By Danielle Wallace | Fox News
A group gathered at Linn Park in Birmingham Sunday afternoon shortly after a nearby rally held in honor of Floyd, the Minneapolis man who died in police custody on Memorial Day after a police officer was seen in the now-viral video with a knee to his neck for several minutes.
People used a rope to pull down a statue of Charles Linn, the park’s namesake who was a captain in the Confederate Navy and later one of the founders of Birmingham. The toppled bronze statue was also covered in graffiti, Fox 6 Birmingham reported.
A crowd unsuccessfully also tried to use rope and chain attached to a pickup truck to pull down a large, granite Confederate monument across the park. Though the rope broke, and the monument remained erect, protesters pulled away the plywood barricade covering the monument’s base. They chipped away at the writing etched into the stone and further vandalized the monument with spray paint.

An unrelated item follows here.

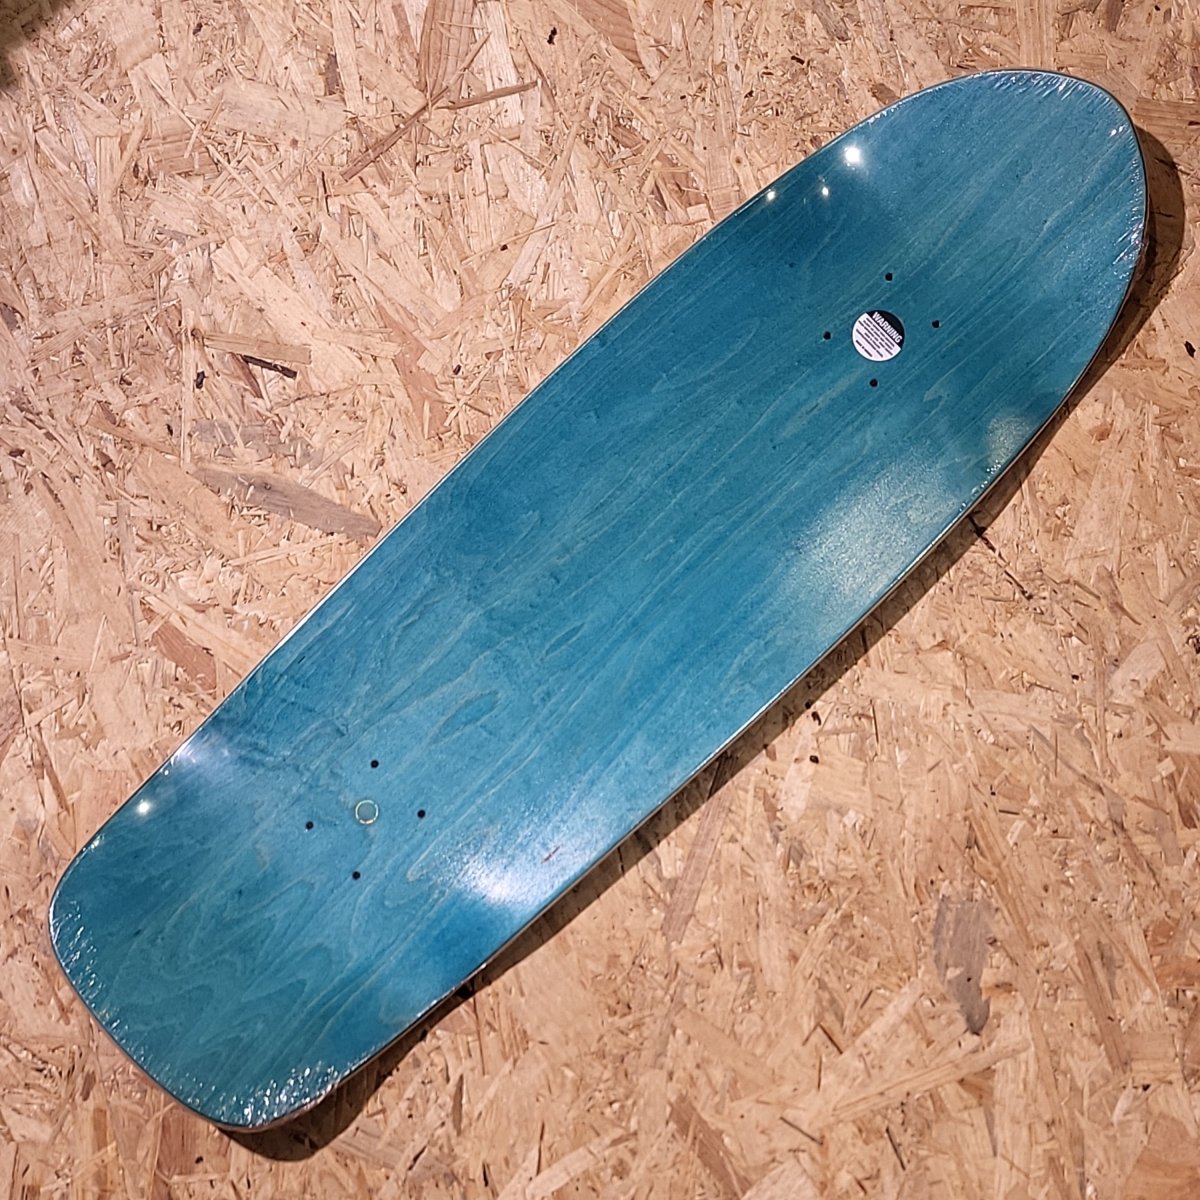 Dogtown Bigger Boy Shaped 9.5" Deck - Skateboard-Decks - Rollbrett Mission

“We’ve got a lot of cities around the country. They’re tearing down Target. They’re tearing down city hall. We can’t do that. We gotta protect our city,” Johnson began, according to AL.com.
“We can’t tear down 16th Street Baptist Church. We can’t tear down the civil rights museum. We can’t tear down Carver. We can’t tear down A.G. Gaston Plaza,” he continued, naming areas of the city commemorating the black community and civil rights movement.
“But what I’m not telling you to do is walk to Linn Park,” Johnson said. “I’m not telling to walk to Linn Park after this rally. I’m not telling you to tear something down in Linn Park. I’m not telling you that I’m going to be over there after this rally.”
An unidentified man walks past a toppled statue in Birmingham, Ala., on Monday, June 1, 2020, following a night of unrest. People shattered windows, set fires and damaged monuments in a downtown park after a protest against the death of George Floyd. Floyd died after being restrained by Minneapolis police officers on May 25. (AP Photo/Jay Reeves)
Police at Linn Park looked on and did not intervene until Birmingham Mayor Randall Woodfin arrived at the park to address protesters using a megaphone. Woodfin, who is black, directed the protesters to disperse to avoid being arrested once he sends the police in.
“I understand the frustration and the anger that you have,” he said. “Allow me to finish the job for you.”